I put the water on the burner and stood over him in my coat.

“Sit down,” he said, taking a long drag. “Tell me about yourself.”

Suzie lay flat out with her noble head in her paws. I’d grown to accept that she would keep clear of me, and she no longer frightened me. Geoff held the joint toward me, sodden from his lips, and I hesitated, but only for a moment. I sat at the little table and he began rambling on, telling me about London and the chest of drawers he was making in his little shop on Ithaca Street, and how the woman who had ordered the chest was a ruthless bitch with a big house on the lake. Then he stopped and gave me a long look.

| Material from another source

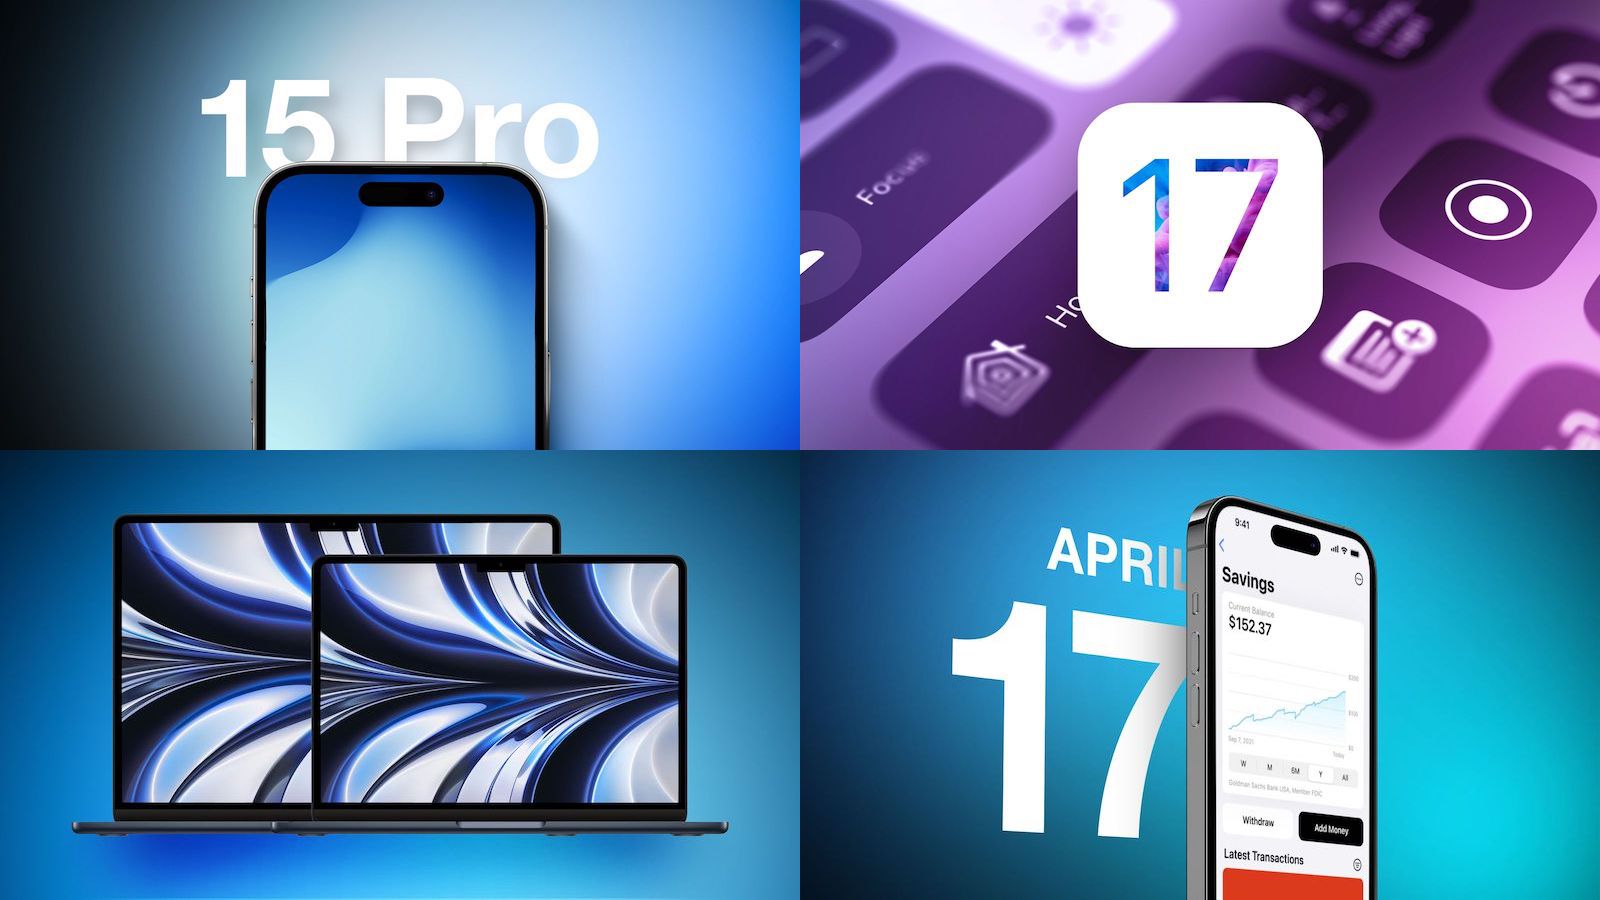 Top Stories: iPhone 15 Pro and iOS 17 Rumors, Apple Card Savings Coming Soon, and More - macrumors.com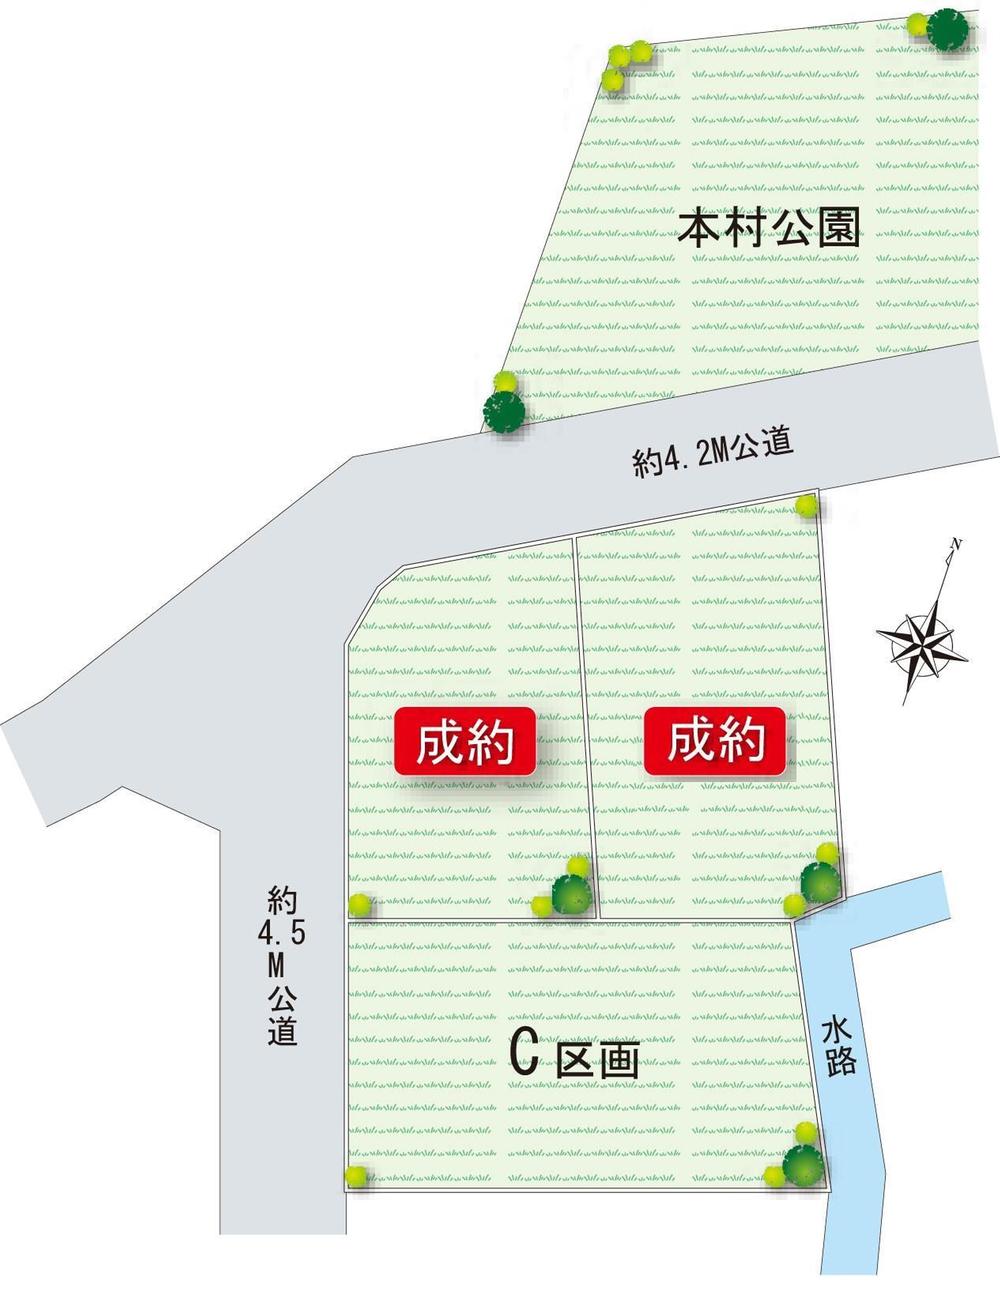 Compartment figure. Land price 22,800,000 yen, Land area 167.11 sq m compartment view

“Your hair is pretty in this light,” he said.

I was flattered, even if he was nearly my father’s age, and even if it felt slightly unsettling to be the object of his attention. I passed him the joint, the room sunny and filled with a languor that followed me to campus, late for class.

*

MY MOTHER SENT checks on a bimonthly basis and phoned regularly, ready with details of Leanne’s and Sarah’s perfect lives. Once in a while I’d get a call from one of them, and I’d hear the real story—arguments over a husband’s inattentiveness, a car accident after too much wine at a luncheon. I continued to send letters to Del care of the Ashley Manor facility. I’d gotten used to this method of navigating the distance between us. Like the woman at the porch party, I felt guilty, and I had been prevented from living my life by my guilt, but the more I heard about Del’s life away from me at the Manor, the less guilty I felt. Ashley Manor was a place from which she was free to come and go on a daily basis. It was also a structured environment that offered meals and medication supervision—a place she might graduate from once she felt more in control. She sounded happy in her letters and full of her usual plans to find an apartment on her own, to start classes at the University of Connecticut—all things she’d talked about before but that now seemed imminent.

I received a letter from her one day in September telling me about her new boyfriend, Rory. I was sometimes envious of her boyfriends—though she’d cycle through them so quickly, it was hard to keep track, and sometimes I wondered if, like me, she’d invented most of them. Rory, she claimed, was different. I think he is going to pop the question, she wrote. Mother is all sorts of upset, and thinks I’m crazy for considering it. But who doesn’t want a little house and a hubby and a garden full of vegetables and Peter Rabbit peering out of the shrubbery, and maybe a cat sleeping on a rug by the hearth.